Ich weiß nicht ob das jetzt ein Effekt des Sommer- oder Coronalochs ist, aber Politiker und andere Personen des öffentlichen Lebens scheinen jetzt einen Kreuzzug gegen Rassismus zu führen der teilweise abstruse Züge annimmt. Als könnte man Rassismus dadurch aus der Welt verbannen indem man den Begriff der Rasse aus der Verfassung streicht. Auf eine sehr schräge Art funktioniert das sogar, denn wenn es Rassismus als Begriff nicht mehr gibt, dann gibt es auch kein rassistisches Verhalten mehr. Aber dann ist das eben Feindseligkeit gegenüber ... Fremden.

Bei all der Zivilisation und Bildung von ganzen Nationen darf man nicht vergessen, dass es praktisch keinen genetischen Unterschied zwischen uns und unseren höhlenbewohnenden Vorfahren vor 20.000 bis 200.000 Jahren gibt. All unser Fortschritt besteht nur aus Information für die höheren Gehirnfunktionen was von Generation zu Generation weitergegeben wird. Aber jeder Mensch weiß auch, dass die Tatsache ob man einen anderen Menschen mag oder nicht eben nicht von höheren Gehirnfunktionen bestimmt wird sondern viel tiefer liegt. (Genau: williger Sexualpartner, verspricht gutes Erbgut: Muss mich fortpflanzen!) Und so weiter.

Drehen wir also die Zeit zurück bis dieser ganze Überbau ausgeblendet wird. Damals lebten Menschen in kleinen Familiensippen. Und jeder der nicht Teil der Sippe war, war ein Fremder und damit entweder ein potentieller Feind oder Schmarotzer. Und diese Betrachtungsweise dürfte genetisch angelegt sein, das ist ein Teil der menschlichen Kernidentität.
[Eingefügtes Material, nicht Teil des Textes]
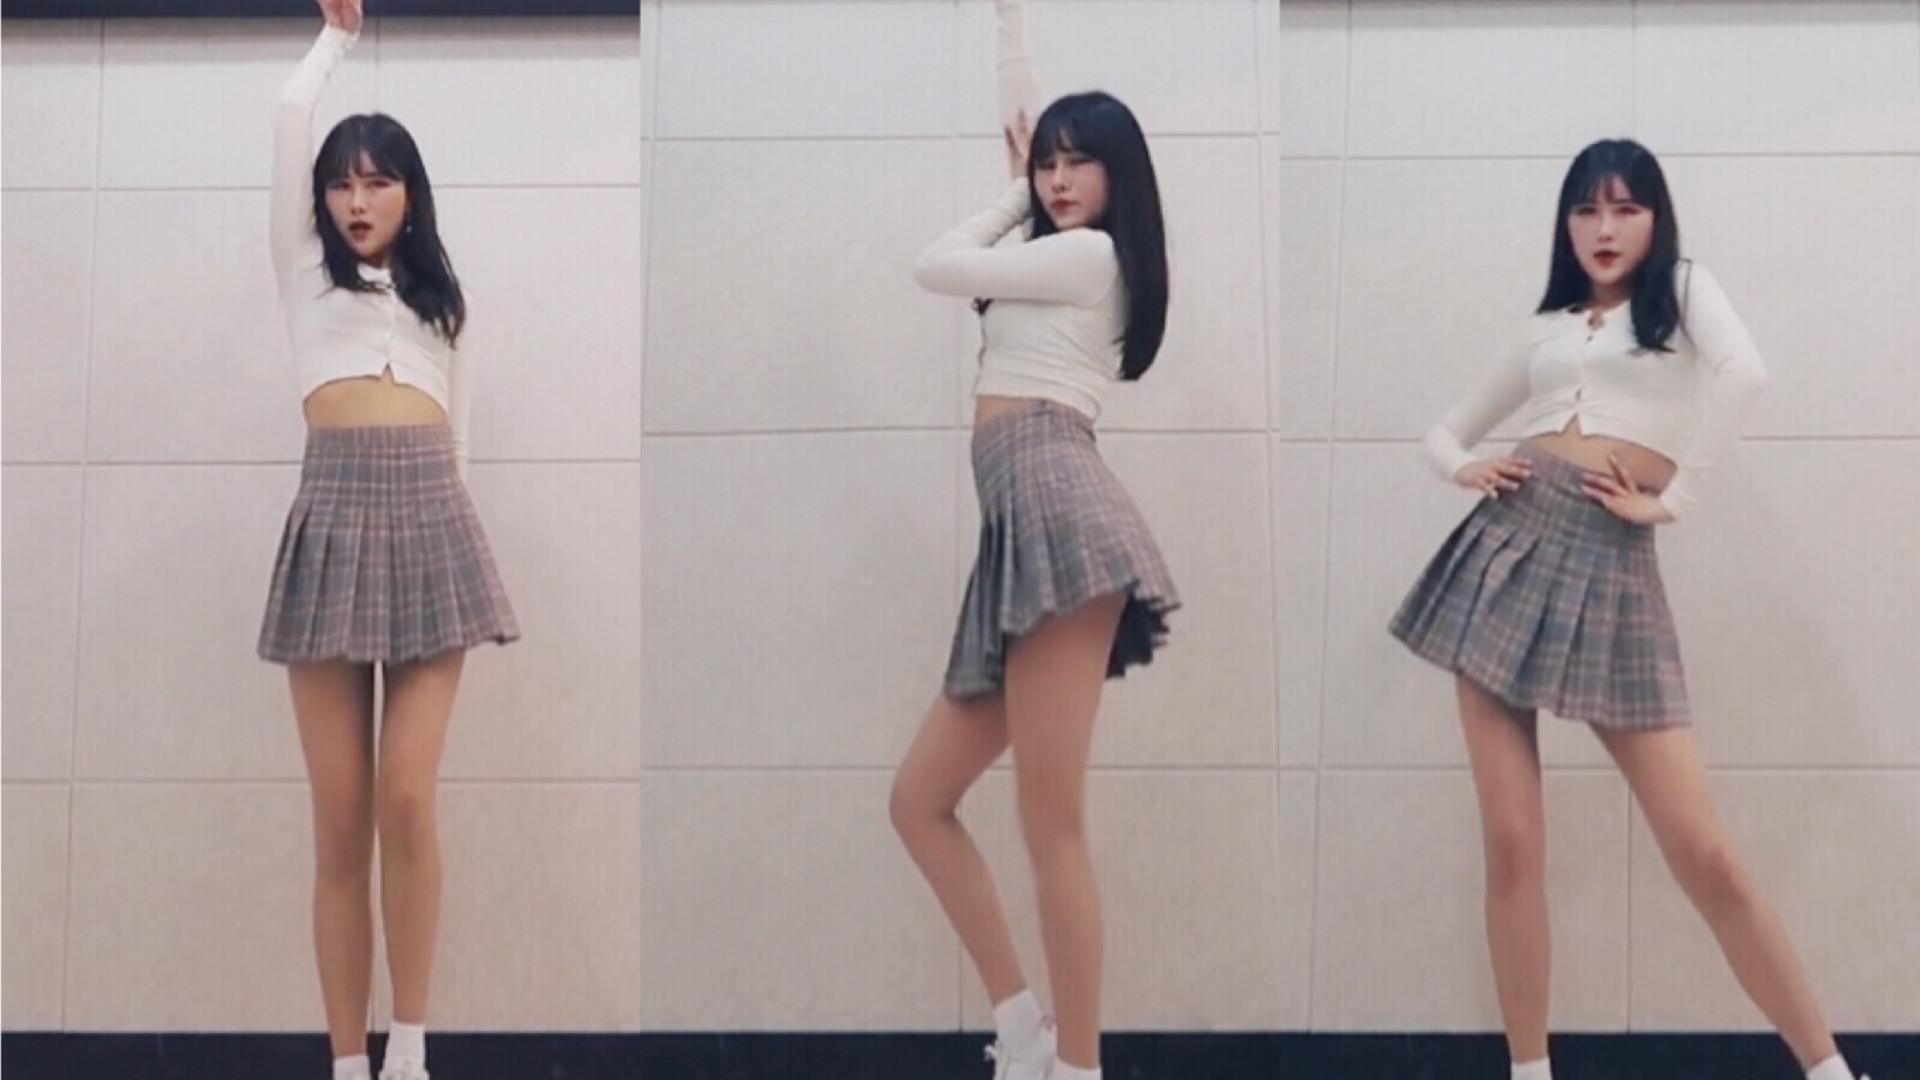 小姐姐的福利舞蹈,极品身材,短裙很sexy,大长腿是看点,美女腿控福利

Es gibt das "wir" - das ist eine kleine Gruppe von Menschen die uns nahestehen und die wir kennen, mit denen wir in gegenseitigem Altruismus verfahren - und die "Fremden", alle denen wir dafür nicht genug vertrauen. Vor diesem Hintergrund ist es ein Wunder, dass es die Menschen geschafft haben, in der heutigen Zeit so große Konstrukte wie die "Nation" mit Millionen Individuen zu schaffen, die halbwegs stabil sind. Aber um ein Zeichen dafür zu sehen, dass da auch ein "wir"-Begriff etabliert wird, braucht man nur auf die nächste Fußball-WM zu schauen: Das ist ja ein Wettkampf zwischen "uns" und "denen", der gewissermaßen Identitätsstiftend ist.
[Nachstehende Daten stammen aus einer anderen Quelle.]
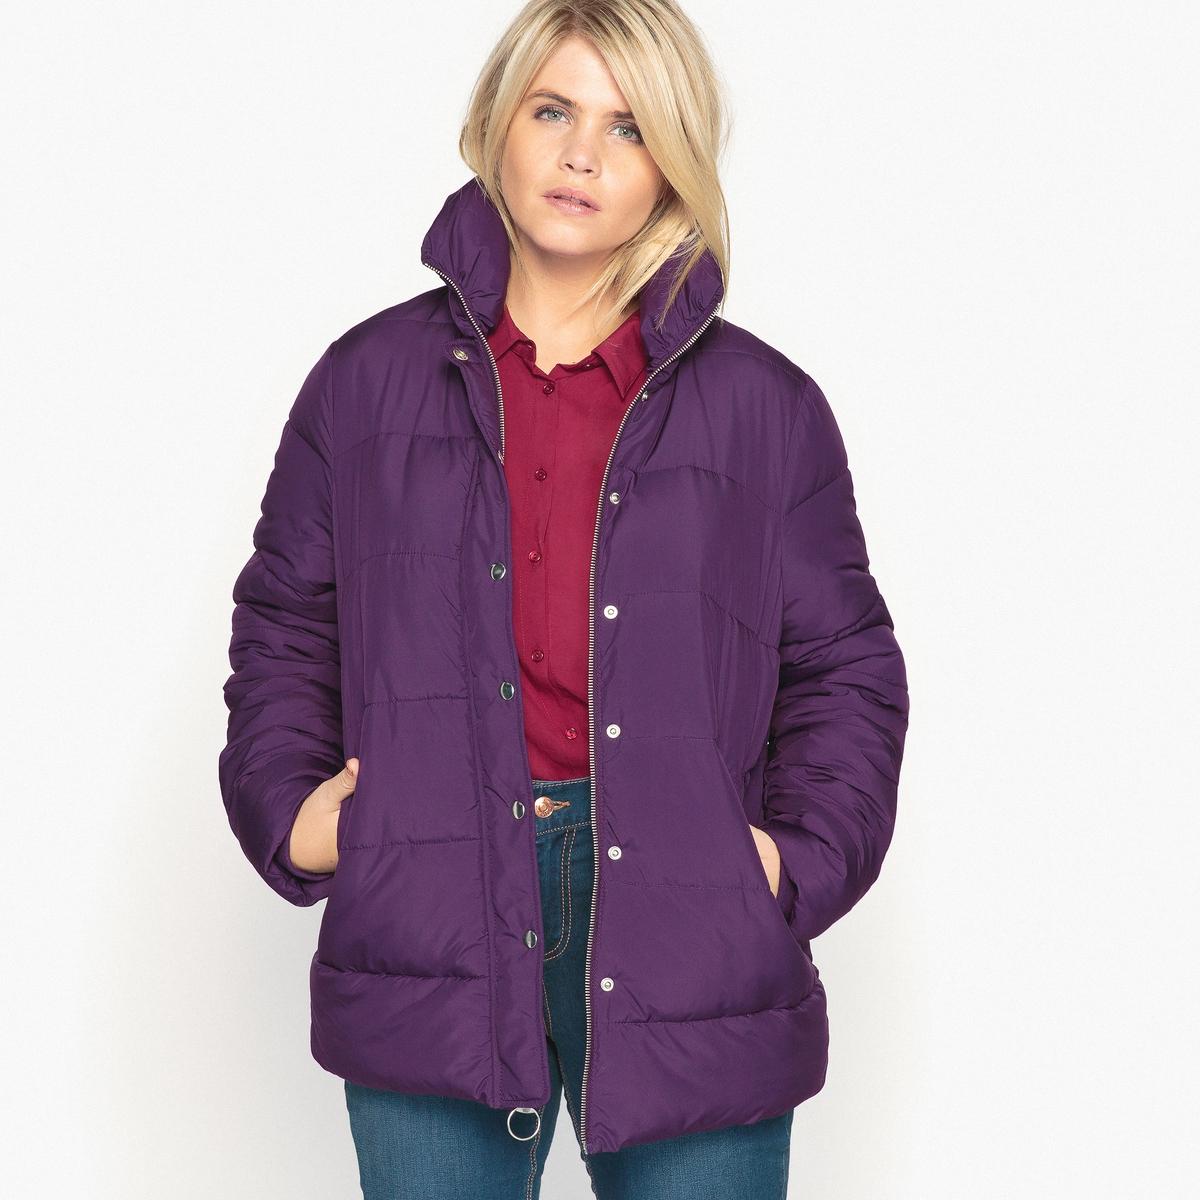 Куртка стеганаяСтеганая куртка является неотъемлемым предметом зимнего гардероба. Она отлично сочетается с джинсами-слим или прямой юбкой.Детали  •  Длина : средняя •  Воротник-стойка •  Застежка на молниюСостав и уход  •  100% полиэстер  •  Подкладка : 100% полиэстер •  Температура стирки 30° на деликатном режиме   •  Сухая чистка и отбеливание запрещены •  Не использовать барабанную сушку •  Не гладить  Товар из коллекции больших размеров •  2 кармана на молниях.<br><br>Цвет: темно-фиолетовый<br>Размер: 42 (FR) - 48 (RUS)

Ein zentraler Teil der Intuitiven Persönlichkeiten ist, dass ihnen die Fixierung auf das hier und jetzt fehlt und sie viel mehr in die Vergangenheit schauen und daraus Rückschlüsse für mögliche Zukunftsszenarien ziehen. Natürlich kann man nicht alles auf die Art und Weise vorhersagen, aber wie oben gezeigt haben sich die Menschen in den letzten paar tausend Jahren nicht grundsätzlich verändert. Neu ist tatsächlich die Bildung von Nationen um eine gemeinsame Identität, davor hatten wir tausende Jahre ein System von feudalen Abhängigkeitsebenen oder kleinere Gebilde wie Stadtstaaten. Die Ausnahme wären die Großreiche der Antike, sicherlich ein interessantes Forschungsthema ob es da eine gemeinsame Identität gab oder was dort für den Zusammenhalt gesorgt hat. Die Reste des deutschen Feudalsystems erleben wir sogar heute noch in Zeiten von Corona wo in Bayern andere Regeln gelten als in Rheinland-Pfalz.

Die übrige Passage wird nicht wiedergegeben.